Время от времени Фрэнк бросал чтение, пытался писать, но далеко не продвинулся. Как-то раз набросал с полдюжины страниц об экономике военного времени. Мобилизация сельского хозяйства и промышленного производства, особенно в Германии при Ратенау и в Англии при Ллойд Джордже, живо напомнила ему постмодернистскую экономику, правящую бал ныне. Корни современного капитализма явно тянулись туда, к инновациям времен Великой войны, описанным Ратенау в «Kriegsrohstoffabteilung» («Департамент военного сырья») и «Zentral Einkaufs-Gesellschaft» [76]. Все предприятия были мобилизованы на борьбу с врагом, но после того, как война завершилась победой, система их организации осталась прежней. Люди так и продолжали жертвовать плодами своих трудов, только теперь – в пользу корпораций, занявших в системе места правительств военного времени.

Вот вам и век двадцатый в годы Великой войны… В одиннадцать часов 11 ноября 1918-го воюющие стороны подписали Перемирие, однако с утра, как обычно, обменялись артиллерийским огнем, и к одиннадцати часам многие успели погибнуть.

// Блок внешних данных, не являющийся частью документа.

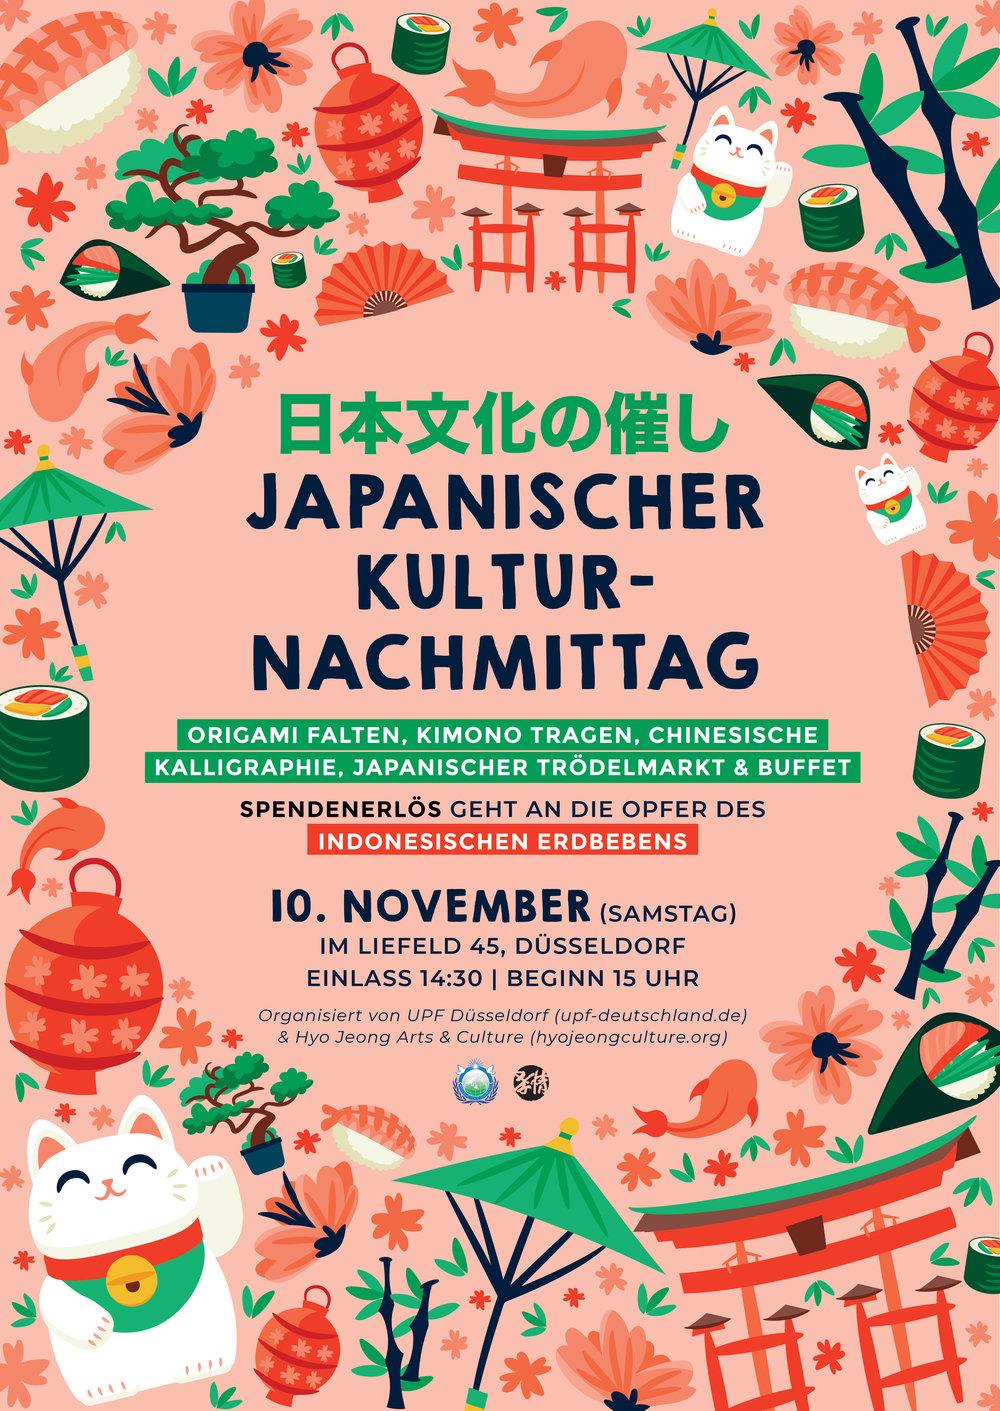 Japanischer-Kulturnachmittag_web.jpg

В тот вечер Фрэнк со всех ног поспешил домой и едва успел опередить грозу. Небеса потемнели, будто закопченное стекло.


А война вовсе не завершилась.

Мысль о том, что две мировые войны на самом деле были одной, принадлежала вовсе не Фрэнку. В свое время так говорил и Уинстон Черчилль, и идеолог наци Альфред Розенберг. Оба рассматривали двадцатые и тридцатые как междуцарствие, паузу в двустороннем конфликте. Глаз бури.

И вот как-то утром… Девять часов, а Фрэнк все сидел и сидел дома, у Даулендов, за миской овсянки, листая «Гардиан», а после – свои заметки. С каждым утром он поднимался все позже, и дни, хотя дело было в мае, словно бы нисколько не становились длиннее. Скорее, наоборот.

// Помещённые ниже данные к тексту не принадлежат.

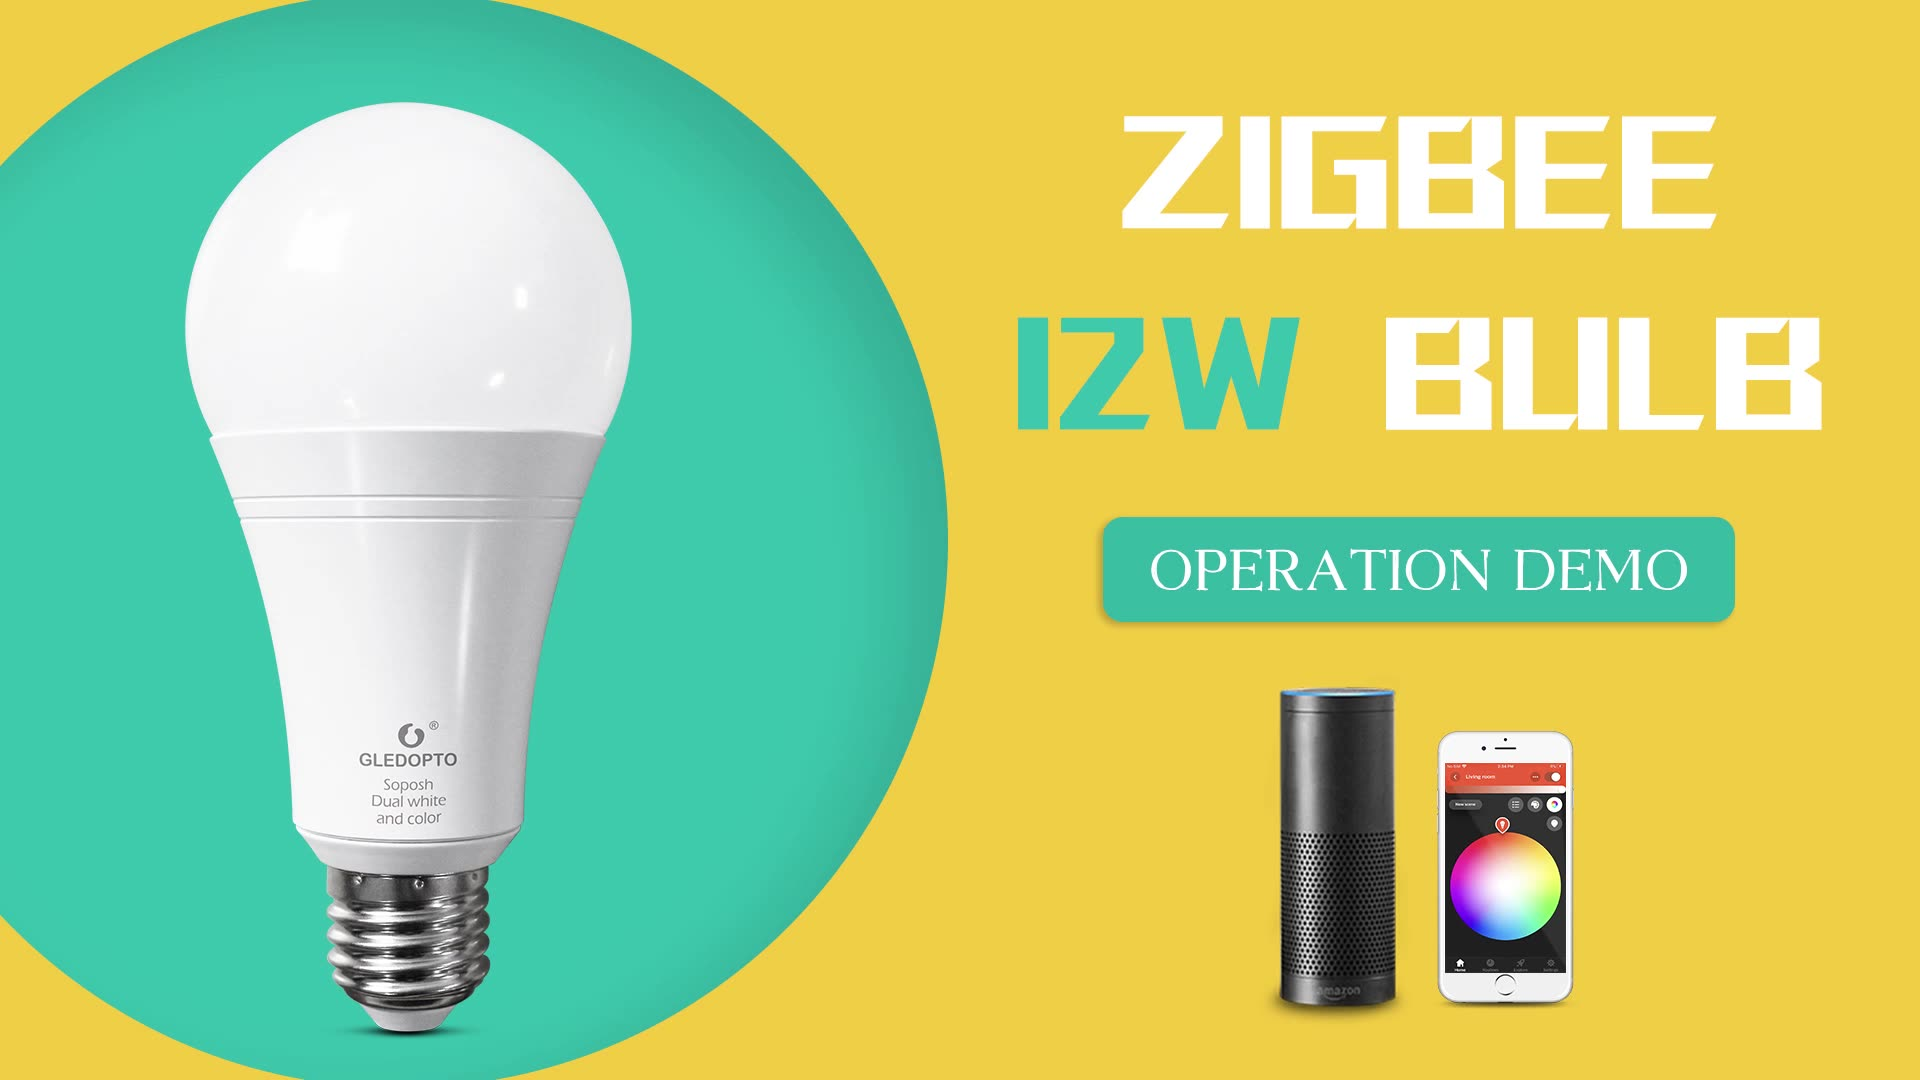 ZigBee ambient light motion sensor control multi-color E27 E14 led Bulb with manual remotes US market

Аргументов, опровергающих мнение, будто две мировые войны – единое целое, имелось немало. Двадцатые годы отнюдь не казались слишком зловещими – по крайней мере после 1925-го: Германия оправилась от финансового кризиса и гиперинфляции, экономика вроде бы повсеместно крепла, набиралась сил. Однако тридцатые продемонстрировали истинное положение дел: депрессия, новые демократии, скатившиеся в фашизм, кровопролитная гражданская война в Испании, искоренение «кулаков», царящий повсюду дух обреченности… стойкое ощущение, будто мир неудержимо скользит в пропасть новой войны.

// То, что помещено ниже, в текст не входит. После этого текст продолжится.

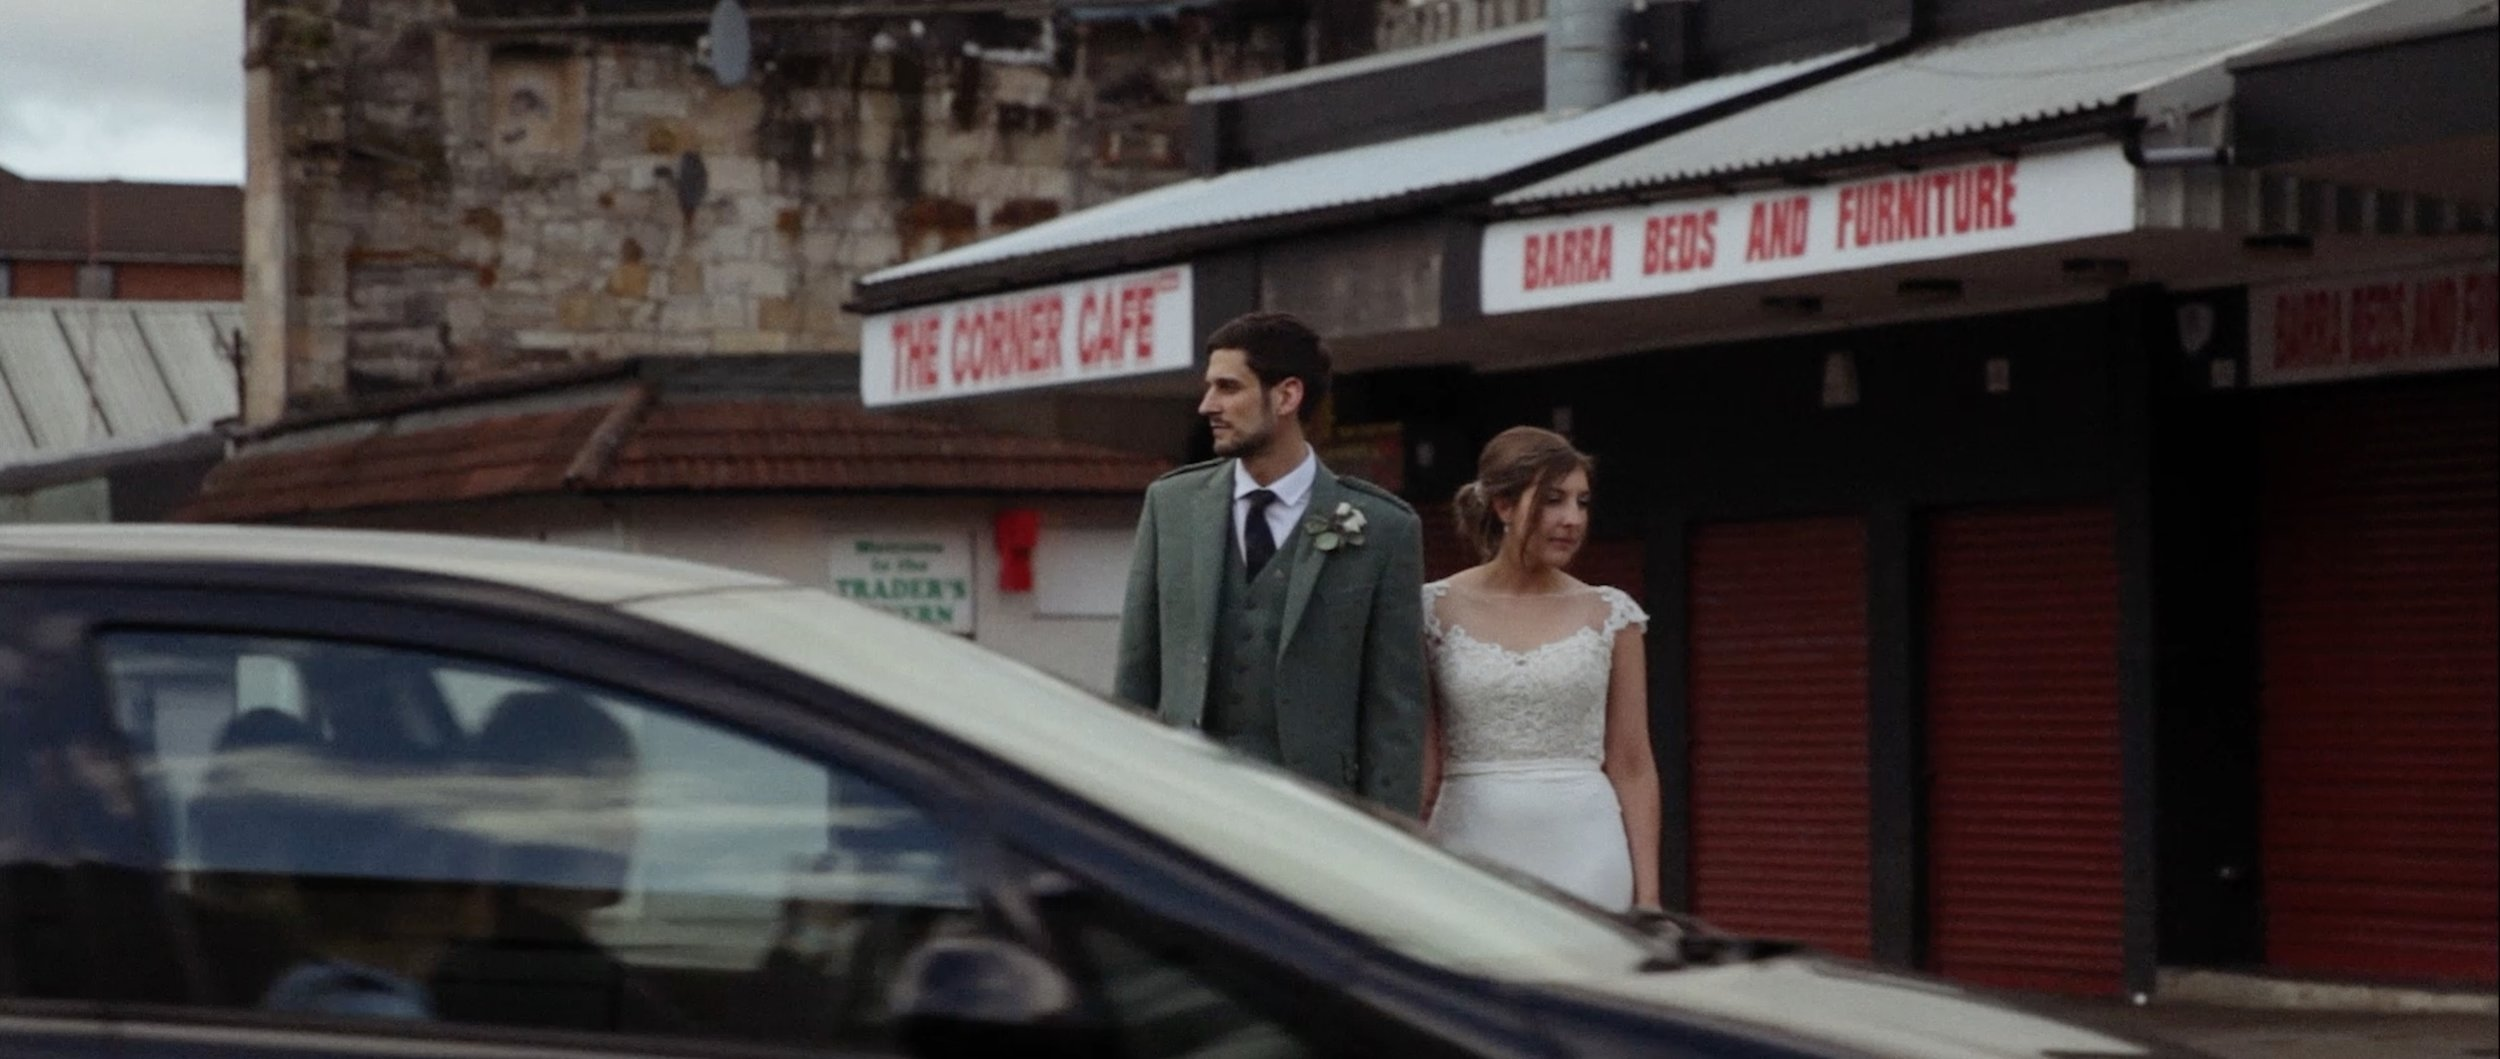 banchory-wedding-videographer_LL_05.jpg

Но на этот раз все обернулось иначе. «Тотальной войной». Этот чеканный термин родился в головах германских военных стратегов, анализировавших знаменитый «марш Шермана к морю», еще в 1890-х. Сами немцы, торпедируя корабли под нейтральными флагами в 1915-м, тоже считали, будто ведут тотальную войну, но ошибались: до тотальной Великой войне было еще далеко. В 1914-м слуха об убийстве германскими солдатами восьми бельгийских монахинь оказалось довольно, чтоб потрясти весь цивилизованный мир, а гибель «Лузитании» породила такой шквал возмущения, что Германия согласилась оставить пассажирские суда в покое. Подобное могло произойти только в мире, где люди еще придерживаются мнения, что на войне армии бьются с армиями, солдаты стреляют в солдат, ну, а мирные жители терпят лишения, порой случайно гибнут, но вовсе не подвергаются целенаправленному уничтожению. Так велись войны в Европе многие сотни лет: та же дипломатия, только средства иные.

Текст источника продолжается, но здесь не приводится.